- Customers respond to lower prices, increased store staffing
- Sales provide boost for CEO after shares fell to 18-year low
Tesco Plc reported its first sales growth in more than four years as Christmas provided a sign that the struggling U.K. supermarket company’s turnaround is starting to pay off.
Group like-for-like sales rose 0.4 percent in the 19 weeks ended Jan. 9, boosted by an unexpectedly strong holiday period in the U.K. as customers responded to lower prices and increased store staffing. Revenue also improved in Tesco’s international operations. The shares surged as much as 7.4 percent.
The better-than-expected sales provide a boost for Chief Executive Officer Dave Lewis after doubts over the effectiveness of his strategy sent Tesco shares to an 18-year low this month.
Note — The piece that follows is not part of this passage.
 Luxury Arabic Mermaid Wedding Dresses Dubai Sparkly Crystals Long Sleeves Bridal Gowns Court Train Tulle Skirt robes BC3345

Sales reports this week from rivals J Sainsbury Plc and Wm Morrison Supermarkets Plc also beat analyst estimates, fueling optimism that the U.K.’s largest grocers are starting to wrestle back momentum from German budget chains Aldi and Lidl.
“The Dave Lewis turnaround plan appears to be working, with Tesco starting to push back against the fast-growing discounters,” John Ibbotson, an analyst at Retail Vision, said by e-mail. “The challenge is to keep up the momentum and stay in the game.”
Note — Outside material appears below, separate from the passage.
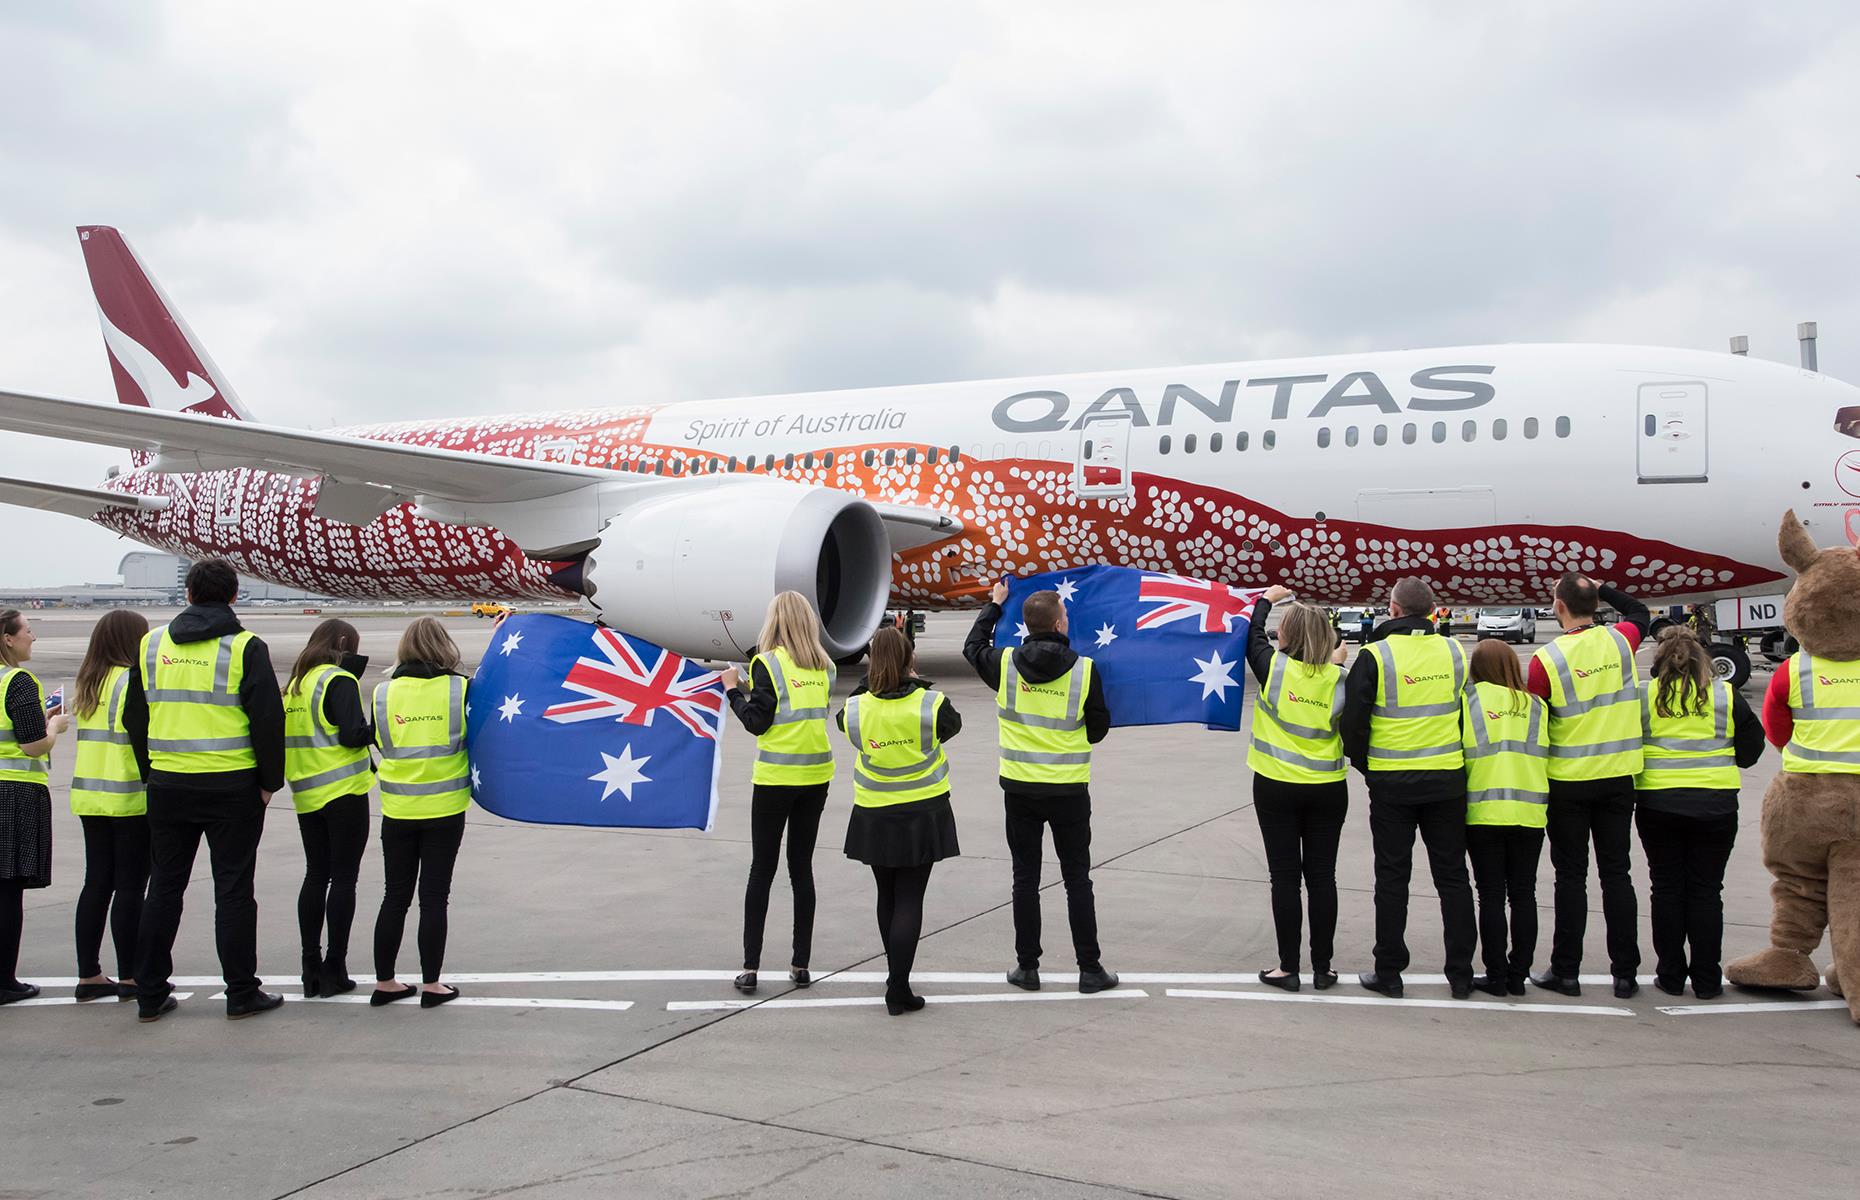 Australia’s flagship airline, Qantas, is another company that’s making the world that bit smaller. The carrier’s Project Sunrise is focused on ultra-long-haul routes, joining up the east coast of Oz with world destinations including London and New York. This follows the 2019 launch of direct flights from London to Perth, with a journey time of around 17 hours (the first flight is pictured here).

Tesco shares were up 6.8 percent at 168.85 pence as of 8:06 a.m. in London, extending their gain to 15 percent this week.
U.K. same-store sales rose 1.3 percent in the six weeks ended Jan. 9, Tesco said. That compared with last year’s decline of 0.3 percent and the median estimate of 15 analysts for a 2.3 percent drop. Growth was better than any of its main competitors.
The volume of products sold increased by 3.5 percent and transactions by 3.4 percent as customers responded to prices that were around 5 percent cheaper than a year earlier, the addition of 4,000 store workers and record levels of product availability.
Clothing sales grew “significantly ahead of the market,” Tesco said.
International like-for-like sales rose 4.1 percent in the Christmas period, with growth split evenly between Asia and Europe.
The grocer said it’s “on track” to meet estimates for full-year operating profit of about 930 million pounds.
Tesco also reported sales for the third quarter ended Nov. 28. Same-store revenue fell 1.5 percent in the U.K., compared with the median estimate of 15 analysts for a 2.5 percent drop. The figures exclude sales of fuel and value-added tax.